Writing consultation

Writing Tutoring is available through the Academic Success Center. It will help at any stage of writing. Be sure to show your tutor the assignment prompt and syllabus guidelines to help them help you.

Research consultation

The librarians at Drake Memorial Library are an incredible resource. You can consult with them remotely or in person. To schedule a meeting, go to the front desk at Drake Library or visit the library website’s Consultation page.

Attendance policy

You will certainly do better with evaluation in the course, learn more, and get more out of the class the more you attend meetings, participate in discussions, complete readings, and finish assignments. That said, lives get complicated. Therefore, you may miss up to six class meetings, with or without a justified reason, with no penalty. You do not need a note from a doctor, but feel free to notify the instructor of your absence. If you are ill, please stay home and take precautions if you have any covid or flu symptoms. Moreover, masks are welcome in class if you are still recovering from illness or feel sick. After six absences, subsequent absences will result in reduction of final course grade at the discretion of the instructor. Please note: the instructor does not offer extra credit in this course.

Disabilities and accommodations

In accordance with the Americans with Disabilities Act and Brockport Faculty Senate legislation, students with documented disabilities may be entitled to specific accommodations. SUNY Brockport is committed to fostering an optimal learning environment by applying current principles and practices of equity, diversity, and inclusion. If you are a student with a disability and want to utilize academic accommodations, you must register with Student Accessibility Services (SAS) to obtain an official accommodation letter which must be submitted to faculty for accommodation implementation. If you think you have a disability, you may want to meet with SAS to learn about related resources. You can find out more about Student Accessibility Services or by contacting SAS via the email address sasoffice@brockport.edu or phone number (585) 395-5409. Students, faculty, staff, and SAS work together to create an inclusive learning environment. Feel free to contact the instructor with any questions.
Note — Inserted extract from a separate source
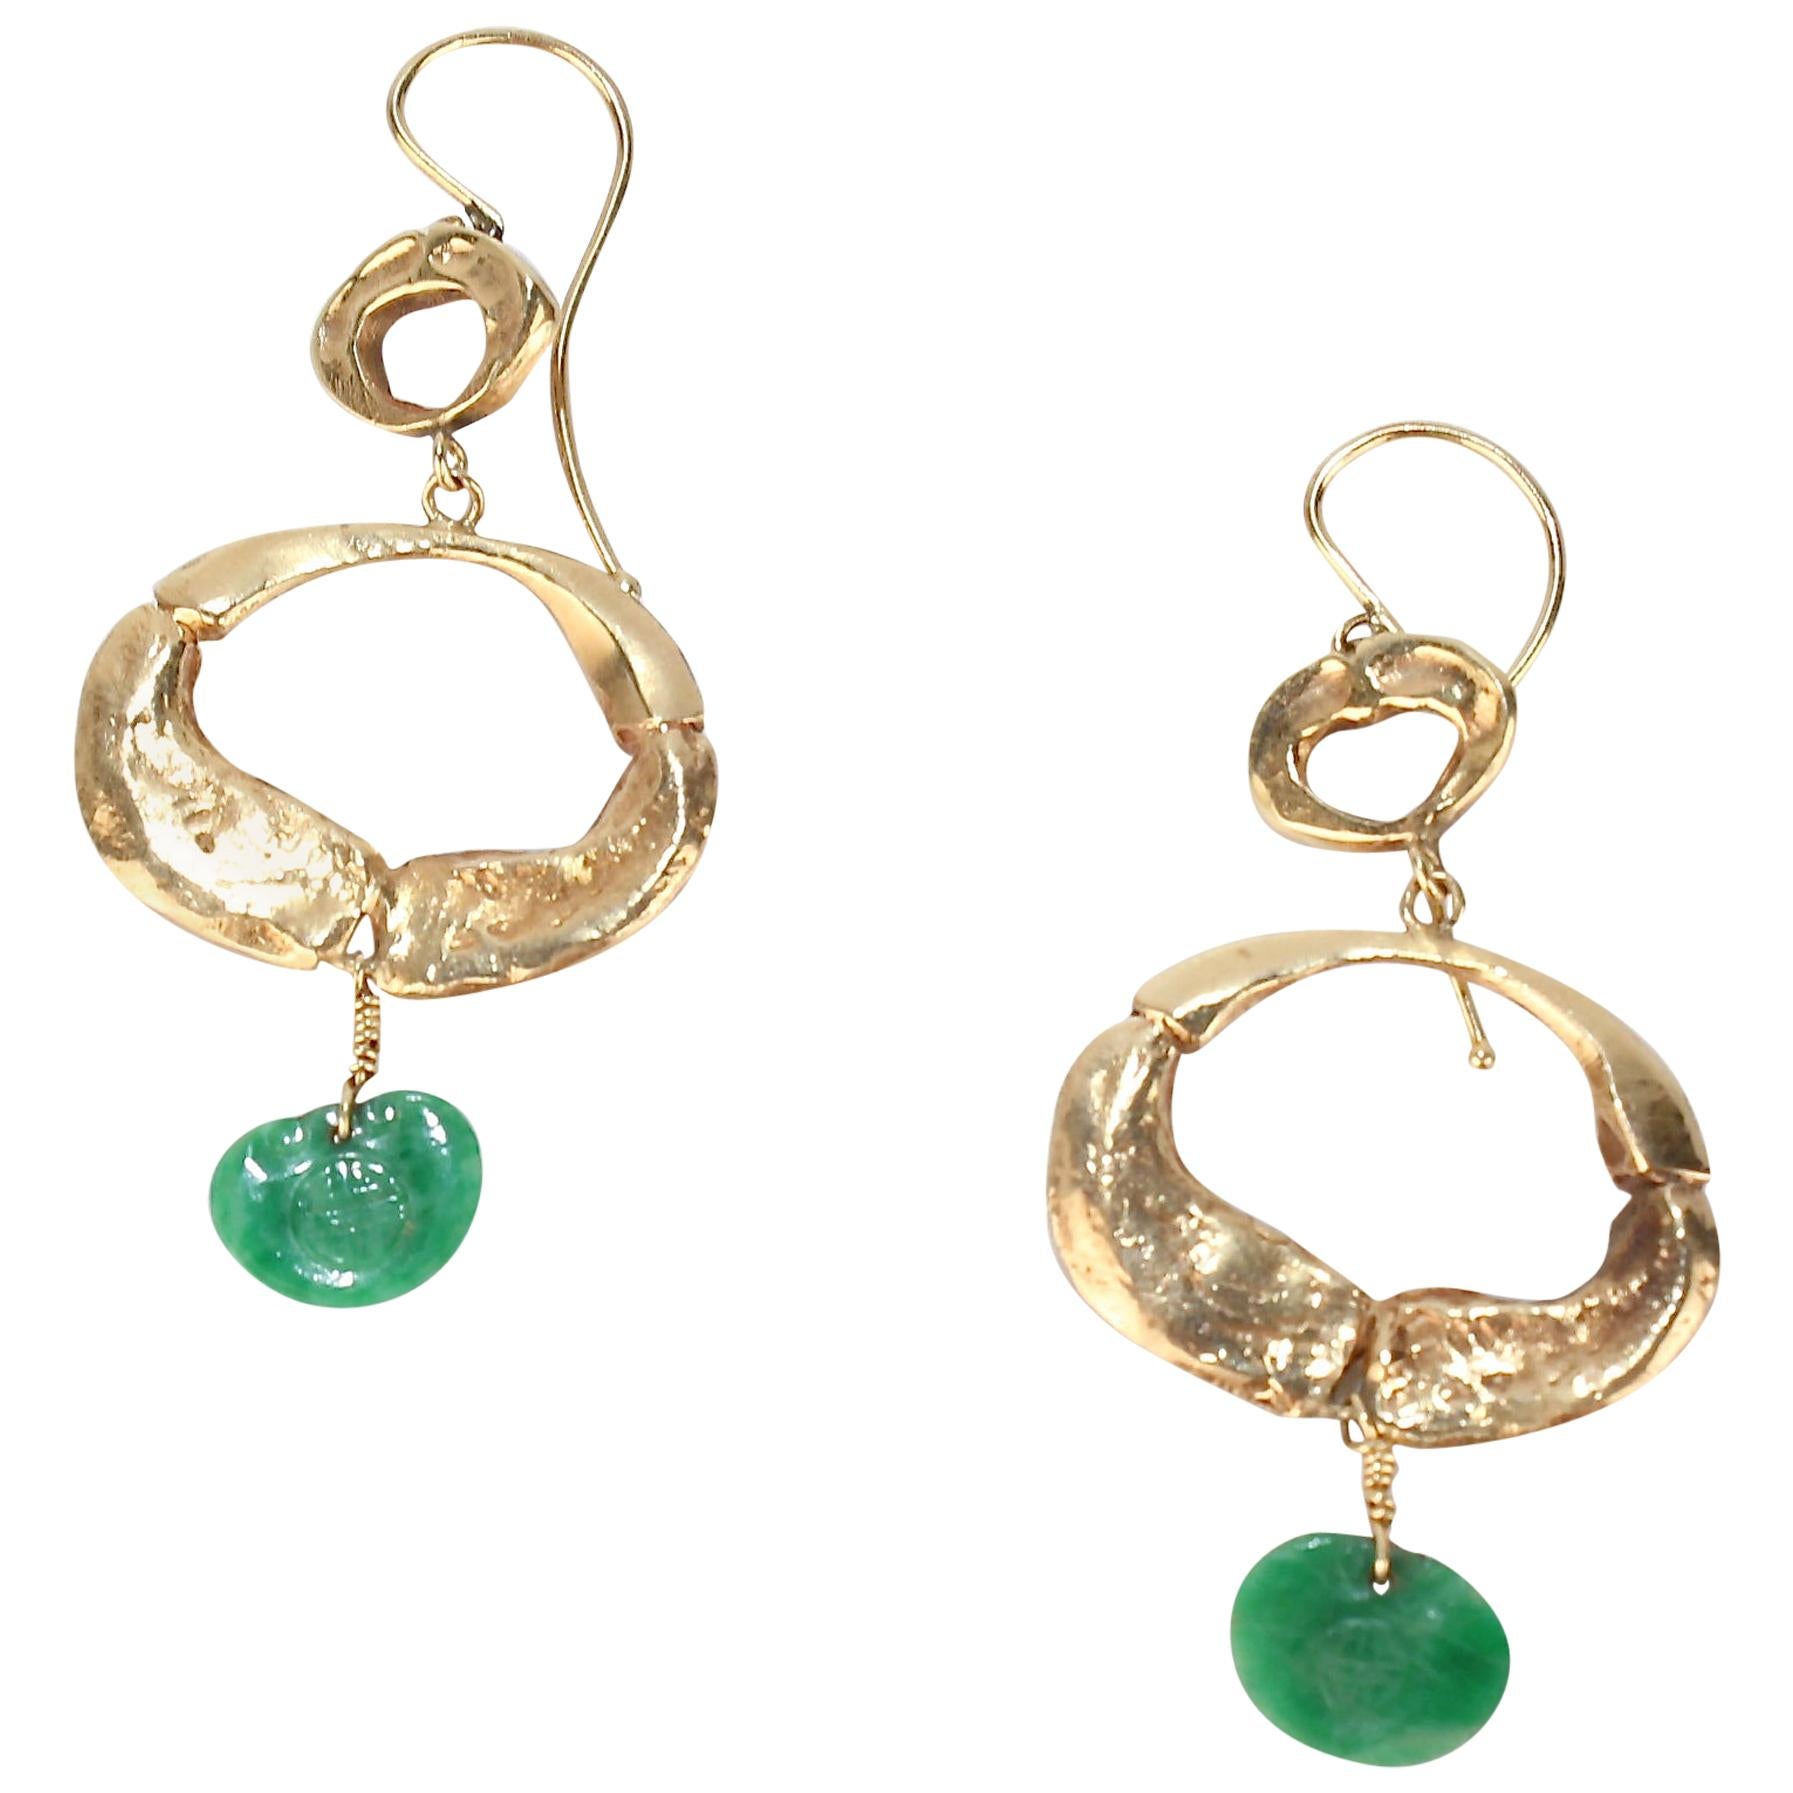 Pair of Wesley Emmons Organic Modern 14K Gold and Jade Pendant Earrings

Discrimination and harassment policies

Sex and Gender discrimination, including sexual harassment, are prohibited in educational programs and activities, including classes. Title IX legislation and College policy require the College to provide sex and gender equity in all areas of campus life. If you or someone you know has experienced sex or gender discrimination (including gender identity or non-conformity), discrimination on the basis of sexual orientation or pregnancy, sexual harassment, sexual assault, intimate partner violence, or stalking, we encourage you to seek assistance and to report the incident through these resources. Confidential assistance is available on campus at Hazen Center for Integrated Care. Another resource is RESTORE. Note that by law faculty are mandatory reporters and cannot maintain confidentiality under Title IX; they will need to share information with the Title IX & College Compliance Officer.

Statement of equity and open communication

We recognize that each class we teach is composed of diverse populations and are aware of and attentive to inequities of experience based on social identities including but not limited to race, class, assigned gender, gender identity, sexuality, geographical background, language background, religion, disability, age, and nationality. This classroom operates on a model of equity and partnership, in which we expect and appreciate diverse perspectives and ideas and encourage spirited but respectful debate and dialogue. If anyone is experiencing exclusion, intentional or unintentional aggression, silencing, or any other form of oppression, please communicate with me and we will work with each other and with SUNY Brockport resources to address these serious problems.

Disruptive student behaviors

Please see SUNY Brockport’s procedures for dealing with students who are disruptive in class.

Emergency alert system

In case of emergency, the Emergency Alert System at The College at Brockport will be activated. Students are encouraged to maintain updated contact information using the link on the College’s Emergency Information website.